Go ahead and change it then?
There are several parts to the puzzle of using exclusively strcutured APT components within Katello, and all of them need to be in place for the story to work. As a result, we plan to roll out this change over several Katello releases. The first release, will include an option to enable structured APT for testing. Once we are confident everything is in place, using structured APT will become the default, and eventually the old “simple publish” will be dropped alltogether. The feature will require all APT hosts to use the latest version of subscription-manager from http://oss.atix.de/, so the above step wise transition will provide plenty of time to ensure this is the case.
This RFC is your chance to learn of these plans early, and weigh in with any concerns.
What is the current state?
- The main tracker for the story is currently: Feature #35959: Replace simple publisher with structured publisher for Debian Repositories - Katello - Foreman
- Using structured APT in production will require pulp_deb >= 3.0.0, which has not yet been released, but is planned for inclusion in Katello 3.10.
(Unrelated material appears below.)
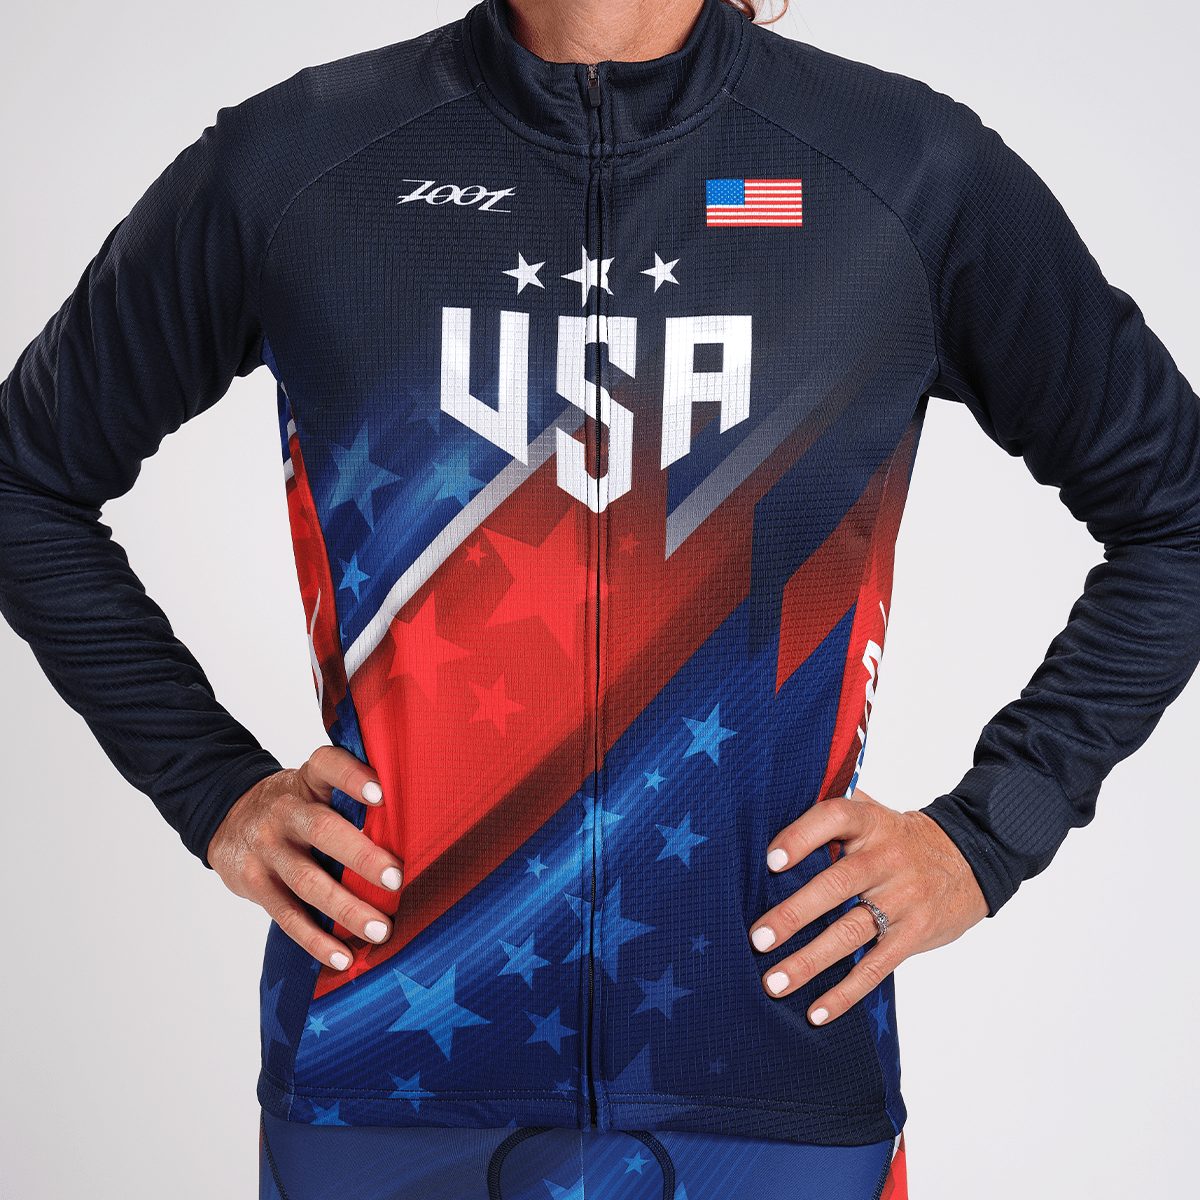 Zoot Sports CYCLE TOPS WOMENS LTD CYCLE THERMO JERSEY - TEAM USA

- The feature can work with current versions of pulp_deb, but can be affected by a data inconsistency in pulp_deb that is only fixed with 3.0.
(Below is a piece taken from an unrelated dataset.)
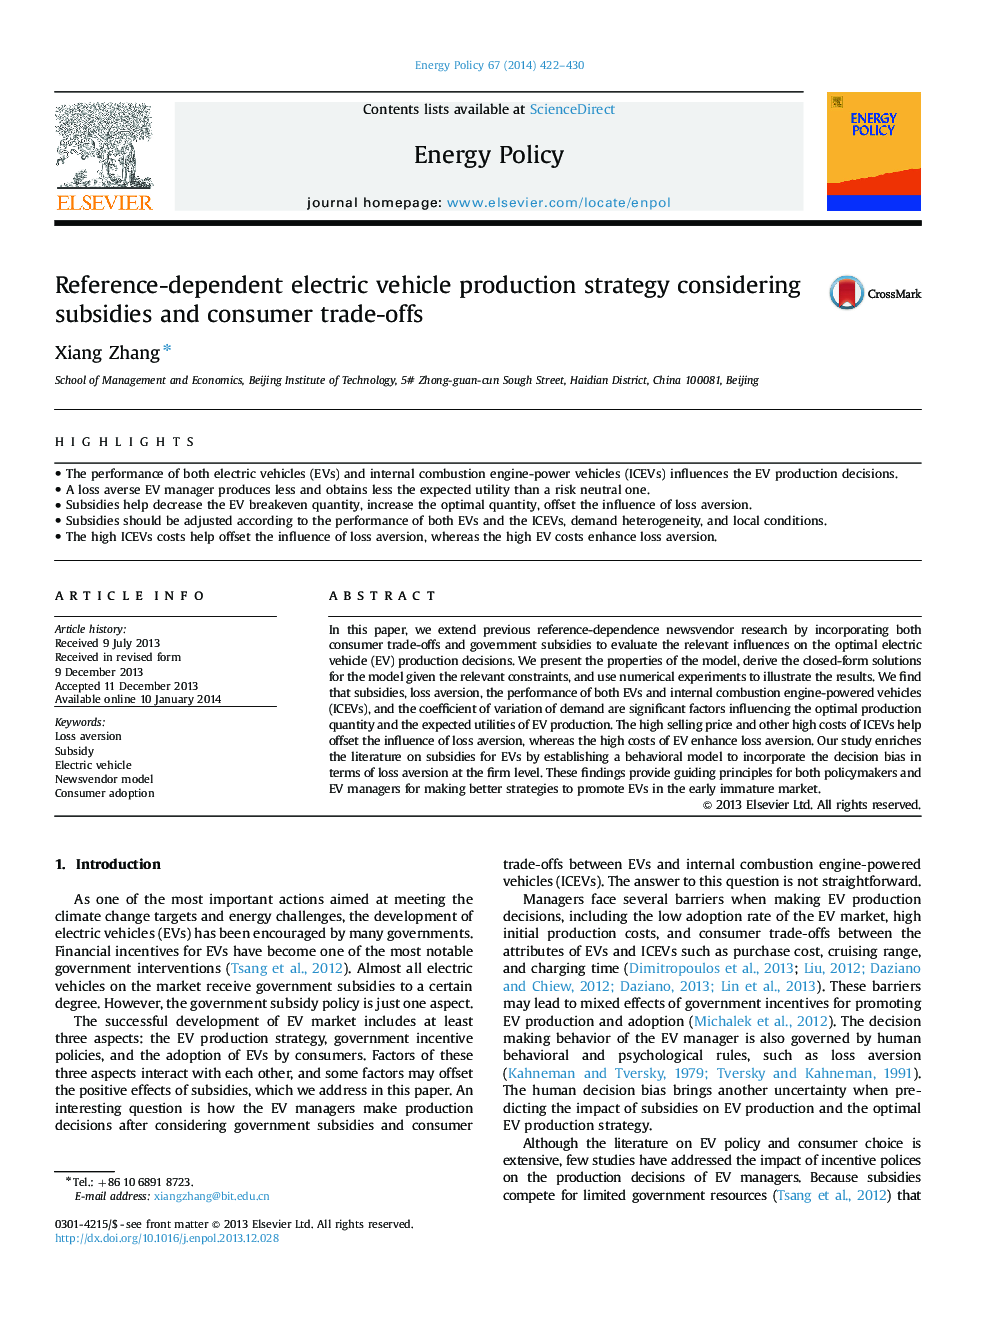 Reference-dependent electric vehicle production strategy considering subsidies and consumer trade-offs

- Using structured APT requires a change to subscription-manager to work.
- https://github.com/candlepin/subscription-manager/pull/3223
- This patch has already been added to the client repos at http://oss.atix.de/
- The initial implementation of the feature can be found here: Fixes #35959 - prepare to use structured publisher for deb content by sbernhard · Pull Request #10420 · Katello/katello · GitHub
- Includes a rake task to enable/disable the future using:
foreman-rake katello:enable_structured_content_for_deb[true]
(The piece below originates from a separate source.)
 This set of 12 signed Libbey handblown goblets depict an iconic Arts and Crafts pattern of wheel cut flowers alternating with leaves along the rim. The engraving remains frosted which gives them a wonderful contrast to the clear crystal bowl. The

- For repositories with an empty “Components” field, the rake task will set the field with the right values.
- Repostirories with an empty “Components” field will default back to using “default/all” even with structured APT enabled.
- Once structured APT is enabled, running
subscription-manager repos
on a registered host will update the repo configuration in/etc/apt/sources.list.d/rhsm.sources
to use structured APT.
- Includes a rake task to enable/disable the future using:
- We will eventually also need: Add structure upload for deb repositories by Manisha15 · Pull Request #10639 · Katello/katello · GitHub
- This is needed so that individual package uploads will eventually work with structured APT as well.
- Currently, and even with this change, package uploads are still dependent on fall back to “default/all” behaviour.
- This change can be reviewed and added to Katello independently of the rest of the story (requires pulp_deb >= 2.21.1)
Remaining challenges and limitations
- There are still situations in the current implementation that will fall back to the old “default/all” behaviour. Until this is fixed, we cannot disable simple publishing to reap the performance rewards of an all structured APT world.
- It is a rare but not unheard of use case, to change the list of components being synced on the repository page. Currently, doing so, will immediately update the list of components on all registered hosts, regardless of whether the change has actually propagated to the LCENV used yet. Fixing this requires candlepin to associate different “cp2_content” with different LCENVs. However, Katello is currently not set up to do this, since Katello associates a single content path with the root repository and not one for each repository as used for a single LCENV.